Sweet Soil is a project that raises frugality to the 100th power. It represents not the sort of hoarding that results in cupboards stacked with newspapers from 1956 but the kind that turns newspapers into a useful product that enhances the environment. The scope of this project is so huge that you keep expecting to see the “little engine the could” chugging over the compost pile or the “ant” tugging his “rubber tree plant” over the horizon. We’re talking environmental Disney World here.
Our member, Jacqueline Schiering, bought a 30 old strip mine from the Western Pennsylvania Conservatory in 1996. It encompassed 276 acres complete with acid mine drainage, barren soil with a low pH, uneven terrain and all of the other problems that result from strip mining. Her goal: to turn it into productive farmland using products that are “throwaways”.
Impressed yet? If not view the 20 foot high piles of wood chips mixed with calcium carbonate (limestone) and paper fibers (all from Weyerhaeuser Company of Johnsonburg} composting in the sun. Check out the huge pile of 25-year-old sawdust that was collected from an old sawmill. Jacqueline has added horse manure to her “mix” this year. She says that all composting must be done on impervious pads to protect the ground water from drain-off.
These composted materials are then spread throughout the old strip mine providing organic rich, pH balanced soil in which cultivated and wild plants thrive. An original grass test plot was planted on six acres on this reclaimed land. The purpose was to provide feed and cover for wild turkeys and their young. Currently switch grass is being tested in this same capacity.
Not only outside recyclables are used. The land is enriching itself. Grasses cut from acres of land are baled and used as an organic augmentation on other sections.
As the environment improves the wildlife is returning. The land is now supporting deer, turkey, birds, butterflies, etc. In 1999 the area was certified as a Bartramian Autubon Society Wildlife Sanctuary.
Cultivated plants include 1000 blueberry bushes, which are being grown organically. As those of us who saw them at the Farmer’s Market can testify they are producing a large, lush berry. A large herb plot is thriving, as is a small organic garden.
A large greenhouse built entirely of recycled materials has recently become a functioning reality with the addition of a solar panel. This small panel provides the electricity to run the pump, which draws water from a well.
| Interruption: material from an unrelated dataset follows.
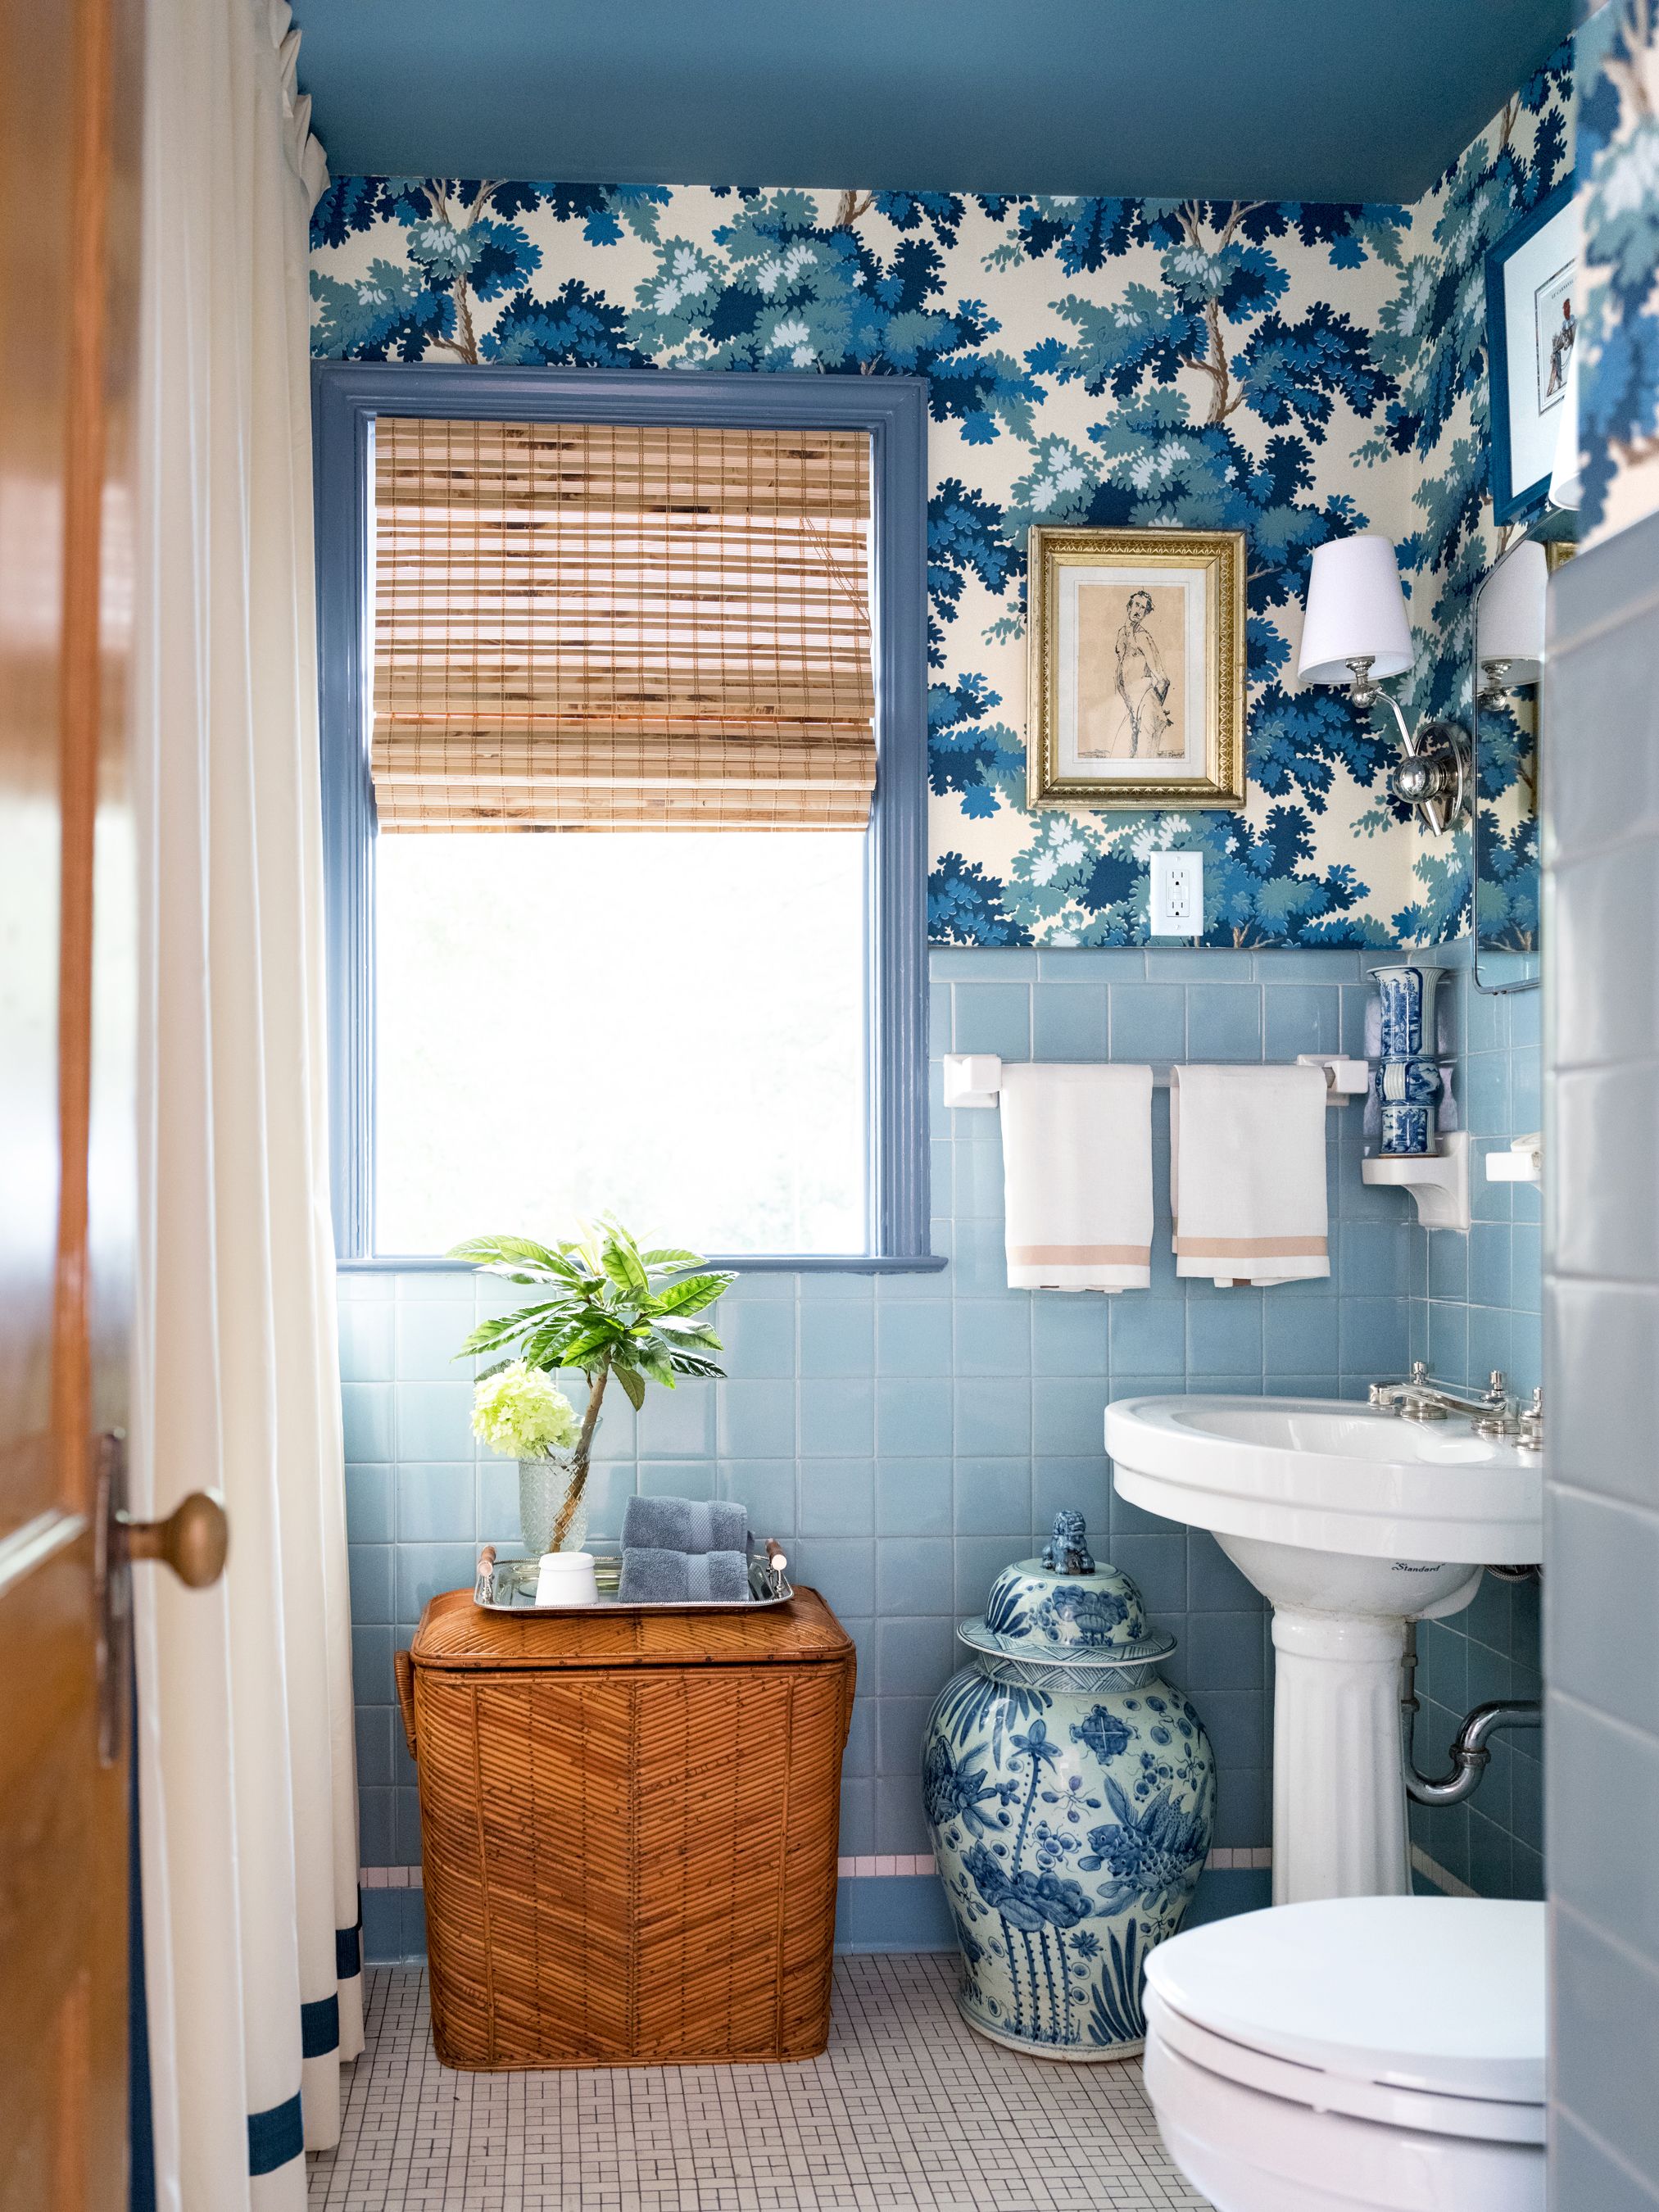 55 Bathroom Tile Ideas Bath, Small Bathroom Tile Designs And Colors

The well will now provide water for the greenhouse and for the vegetable plot growing beside it.
Newest addition is a pond rich with aquatic life. It is used as an educational source for local school children. Education is another aspect of the reclamation of this area. Sharing techniques, introducing young people, sportsman, and others to the possibilities inherent in recycling and making them consider all aspects of the environment is a reachable goal made possible by the scope of this project.
Many volunteers have given their time to Sweet Soil. The Boy Scouts have built a grill and done other work as part of their Eagle Scout program. School children helped plant the herb garden and bring rabbits for relocation. Others have helped with the gardens.
In the future is a possible cranberry bog. Brainstorming is going on to find a method to stabilize a steep slope that is left from the stripping. With her propensity for hard work and fulfilling the impossible dream, I sure Jacqueline has many plans for Sweet Soil.
I have my eye on the picnic shelter. Jacqueline says that Sweet Soil in the spring is an entirely different proposition. What say you to another trip in the spring? If we beg really hard perhaps we can turn it into a picnic and make use of that grill. We can also keep our eyes peeled for that “ant” with his “rubber tree plant”.